My 2c worth too, I have an Acer 5720g Travelmate running XP Pro. I bought it in June 2007, have used it daily without fail and used it pretty hard. It hasn't missed a beat. I was planning to upgrade in June this year (3 years old by then) but see no urgent need to do so. Based on this, I see no need to look beyond Acer. If I did, it would be a Toshiba or an HP....... or an IMAC!


----------



## chris l (Aug 5, 2005)

mattbeef said:


> Acer machines are built like chocolate tea pots is all ive have seen.
> 
> Very bad fit and finish with little durability IMO


What he said. Poor build quality; case, keyboards, screen hinges (carrying the ribbon cable to the screen) low quality components; HDDs, card sockets, duff RAM, etc etc...


----------



## pg tips (May 16, 2003)

My Acer is 3 years old now, still working fine but it is falling to bits, screen hinges seized and ended up breaking the very thin frame they were mounted to.


----------



## gaz64 (May 5, 2009)

mrteatime said:


> now then....just talking to paulboy and mentioned to paul that i need a new lappy....so he put me onto ebuyer, and there seems some good deals on there......but, what exactly do i need?
> 
> do i need more 2gig ram and 160 gb hd? or or 4gig with 250 g hd? or 160gb hd with 2 gb ram?
> 
> ...


Not that tesco on the ring road near burger king? I was in there a couple of weeks ago


----------



## ncon (Sep 14, 2005)

pg tips said:


> My Acer is 3 years old now, still working fine but it is falling to bits, screen hinges seized and ended up breaking the very thin frame they were mounted to.


OOOh er! Well perhaps I have one of the ones held back for the Asian market and you guys get the junk in Europe?

Never mind!


----------



## jaslfc5 (Jan 2, 2007)

ive gone through loads of laptops in the last 5 years with work and such so i know what youre going through.obviously if you can get one through that huge store you work for then you will at least get a load of points ,just dont get an acer they are worse than useless.

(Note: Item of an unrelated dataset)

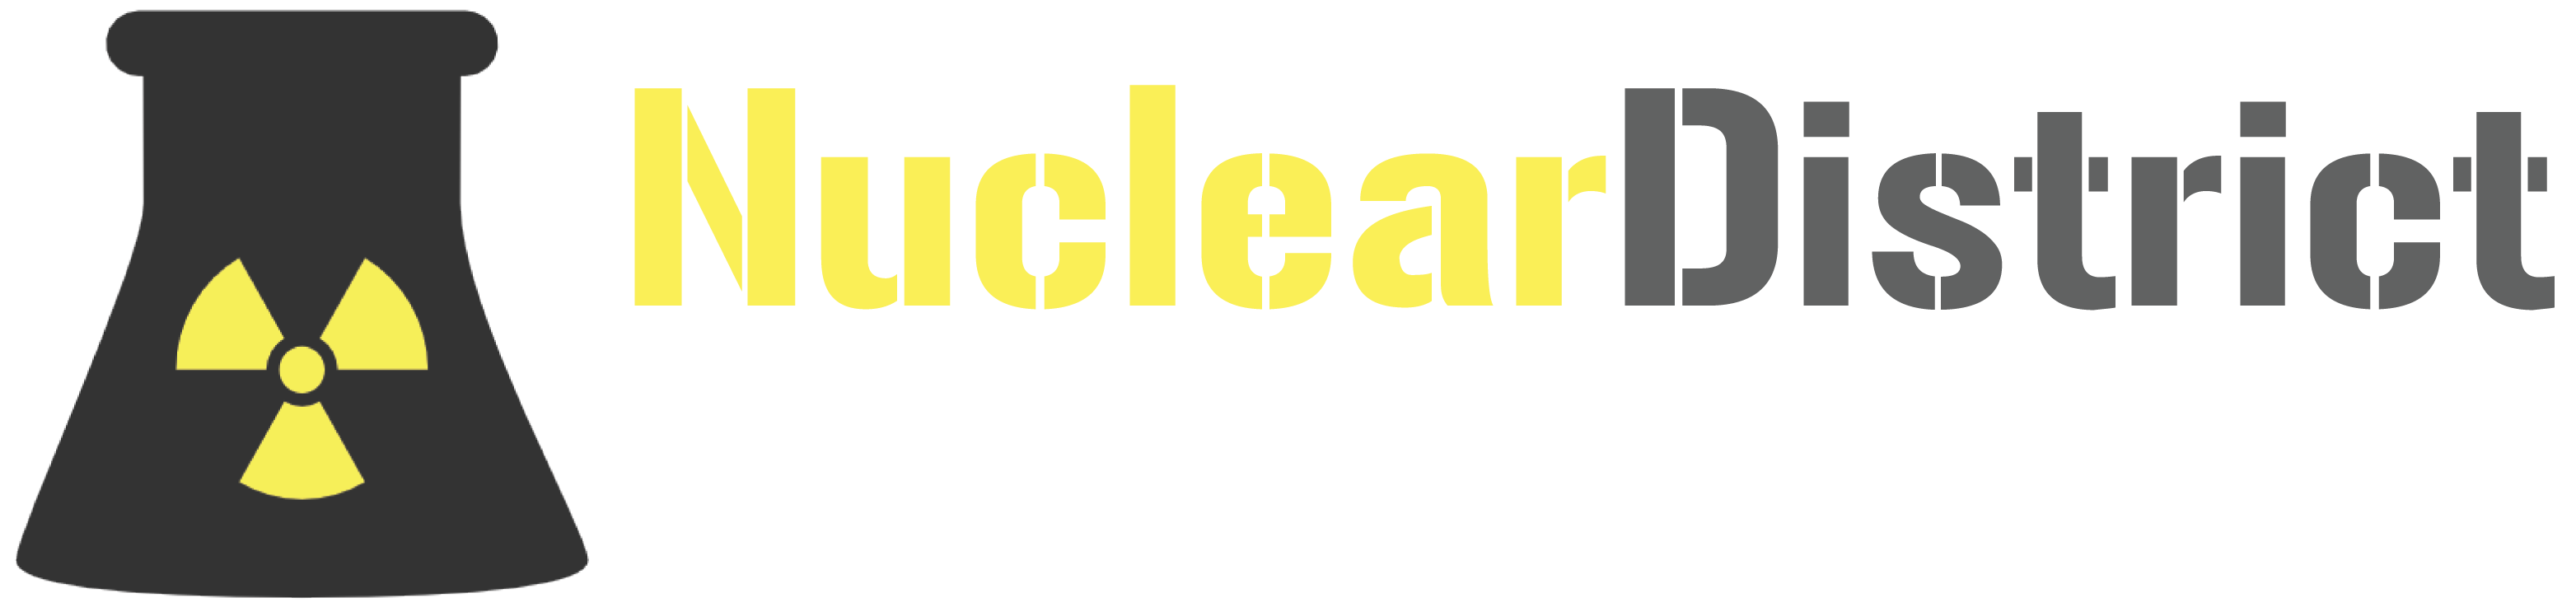 NuclearDistrict's Logo Title

ive had a dell for almost a year now and at way under 400 sheets its been very good bought from pc world highly recommended.

also have a look on bigpockets they have loads of cheap laptops on there good service and warrenty etc you could have one each at their prices.


----------



## JonW (Mar 23, 2005)

ncon said:


> ... or an IMAC!


Doesnt that remove hair?

Odds are you get a Mac next NCON... I bloomin love mine and theyre good value here


----------



## gaz64 (May 5, 2009)

I got a good samsung laptop for my daughter from europc in Glasgow absolutely fantastic service

my current laptop is an ASUS and it's served me well but for my next laptop it's got to be quad core and dual graphics cards and at least 4 gb ram alienware is looking likely


----------



## Alas (Jun 18, 2006)

sonyman said:


> I shall add my 2c to this as far as slagging of Acers I actually like them I have bought,sold & *repaired over 200+ laptops in the alst three years and most of them were Acers* with a few HP/Toshiba/Dell and Compaq thrown in for good measure.


Funnily enough that comment would put me off them. :tongue2: :rofl2:


----------



## MarkF (Jul 5, 2003)

Toshiba, Toshiba or Toshiba 

I have busted a lot of laptops on site but never a Toshiba. They all took a lot of abuse but a hinge never failed, caps never popped off, cases didn't crack........


----------



## Griff (Feb 23, 2003)

H'mmmmmm...........I've got an Acer and its been very good. No probs at all


----------



## MarkF (Jul 5, 2003)

Griff said:


> H'mmmmmm...........I've got an Acer and its been very good. No probs at all


Give it to me and I'll kick it round site, drop it off a ladder and get fried egg between the caps and I'll report back.


----------



## Griff (Feb 23, 2003)

No :tease:


----------



## sonyman (Feb 9, 2009)

Alas said:


> sonyman said:
> 
> 
> > I shall add my 2c to this as far as slagging of Acers I actually like them I have bought,sold & *repaired over 200+ laptops in the alst three years and most of them were Acers* with a few HP/Toshiba/Dell and Compaq thrown in for good measure.
> ...


I see what you mean mate but I bought the returns off a large internet retailer based in the north,and Acers outsold other brands 10 to 1 so most were damaged screens,leads missing,unwanted or sometimes they were faulty but as I had a contact at Acer and they were under waranty they were repaired for nothing so it was an ok buisness,Most Acera are easy to work on and are very easy to get spares for so thats why I choose to deal in them, Sony are impossible to get spares for and are stupid prices to get repaired


----------



## BondandBigM (Apr 4, 2007)

Another vote for Samsung here, had mine for a bit more than a year and it has been faultless. To be fair it never goes anywhere other than my little table in the front room so I don't know about how it would cope with being carted around but it seems pretty well made. I don't know what is inside it, sticker says dual pentium  It has plenty of memory for saving films and photo's and is more than quick enough for anything I do.

Not sure why everybody is down on Vista, I have had virtually no problem. Easy to use, it hasn't packed up yet and I never update it. It has had a bit of a wobble with Firefox recently but I put that down to something I don't understand how to fix.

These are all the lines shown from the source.